5. Native only works for certain brands
While not every brand will be able to or have the desire to build a content-heavy native advertising strategy, it doesn’t mean this type of advertising is out of reach. Much of successful native advertising comes from understanding your user base. This doesn’t just mean in terms of demographics, either.

In native advertising, understanding what drives users or consumers is just as important as understanding what demographic groups they fall into. Knowing user preferences allows advertisers to tailor their content in ways that will grab a user’s attention.

Some brands adopt content marketing as part of this strategy . Brands like REI, Nike, and TED have significantly expanded their reach by developing strong content . This builds trust and recognition and plays into a larger native strategy. Compelling content will shift consumer perspectives, usually in favor of your brand.

6. There’s only one type of native ad
Though the most commonly recognizable native format is sponsored content that appears at the bottom of a post, it can take many forms. The Interactive Advertising Bureau defined several types of native advertising in 2014, shortly after recognizing native as a distinct form of advertising.

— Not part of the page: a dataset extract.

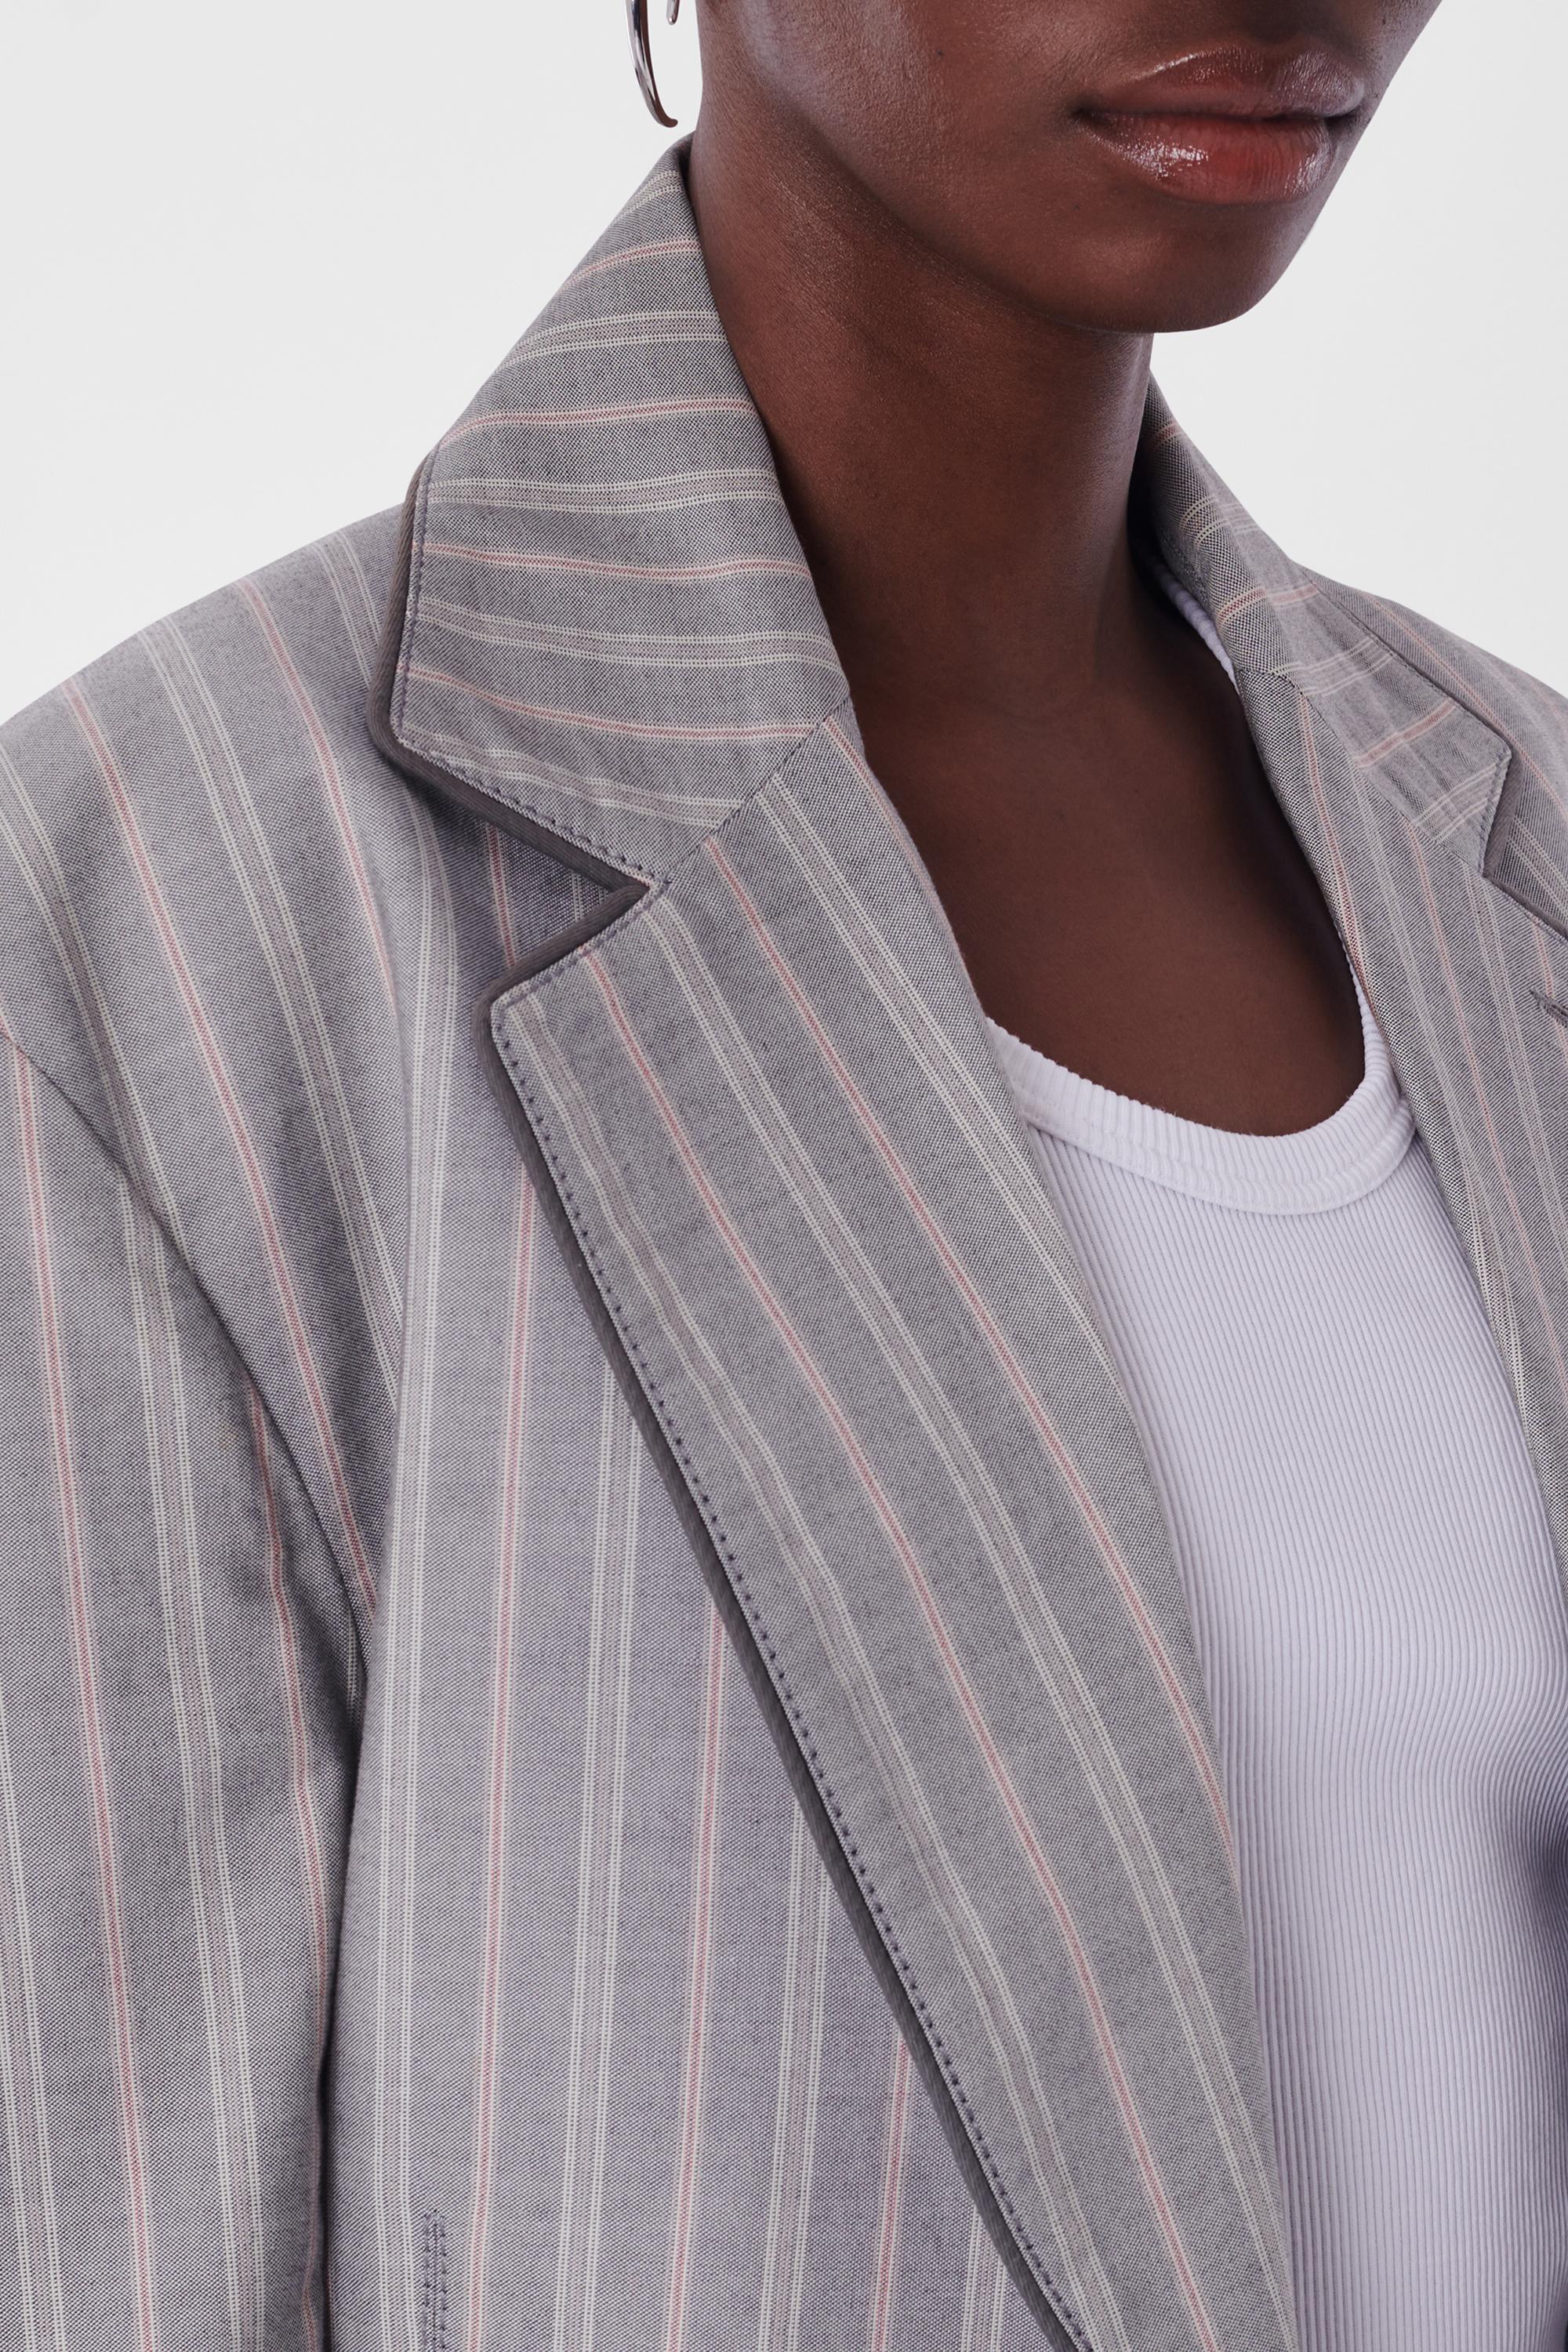 Vivienne Westwood Vintage S/S 1991 Nadelstreifen Anzug grau. Eigenschaften einzelne Brust, graue Paspel entlang Revers, 4 Taschen auf der Vorderseite, schlanke Passform mit Reißverschluss entlang der Schritt auf der Hose mit Knopf zum Schließen. in

The six core types of native advertising are in-feed units, paid search units, recommendation widgets, promoted listings, in-ad with native elements, and other. The first five cover more common ad units. These often appear at the bottom or side of a page, in search results, or blending in with other content on a site. “Other” is a catch-all category for unique native formats such as product placement, influencer marketing, or a sponsored playlist.

Different brands will find they work better with different types of native ads, but the diversity in ad shapes and placements means that there’s something for everyone in native.

7. It’s a new form of advertising
According to the Native Ad Institute, native advertising goes as far back as 1885. William “Buffalo Bill” Cody used images of Sitting Bull to promote his show, Buffalo Bill’s Wild West. While Sitting Bull was part of the show, he didn’t appear in each performance. Even so, the use of his image on posters drew crowds to the show, making it an early form of influencer advertising.

Native advertising continued to develop in several industries after this early example. Advertorials (ads written as longform copy and published as articles) became popular in the 1900s. This was followed by branded radio in the 1920s. Sponsored radio and radio soap operas gained popularity in the 1930s. Branded television and TV soap operas were common in the 1940s. Infomercials and sponsored content are more recent examples of native advertising.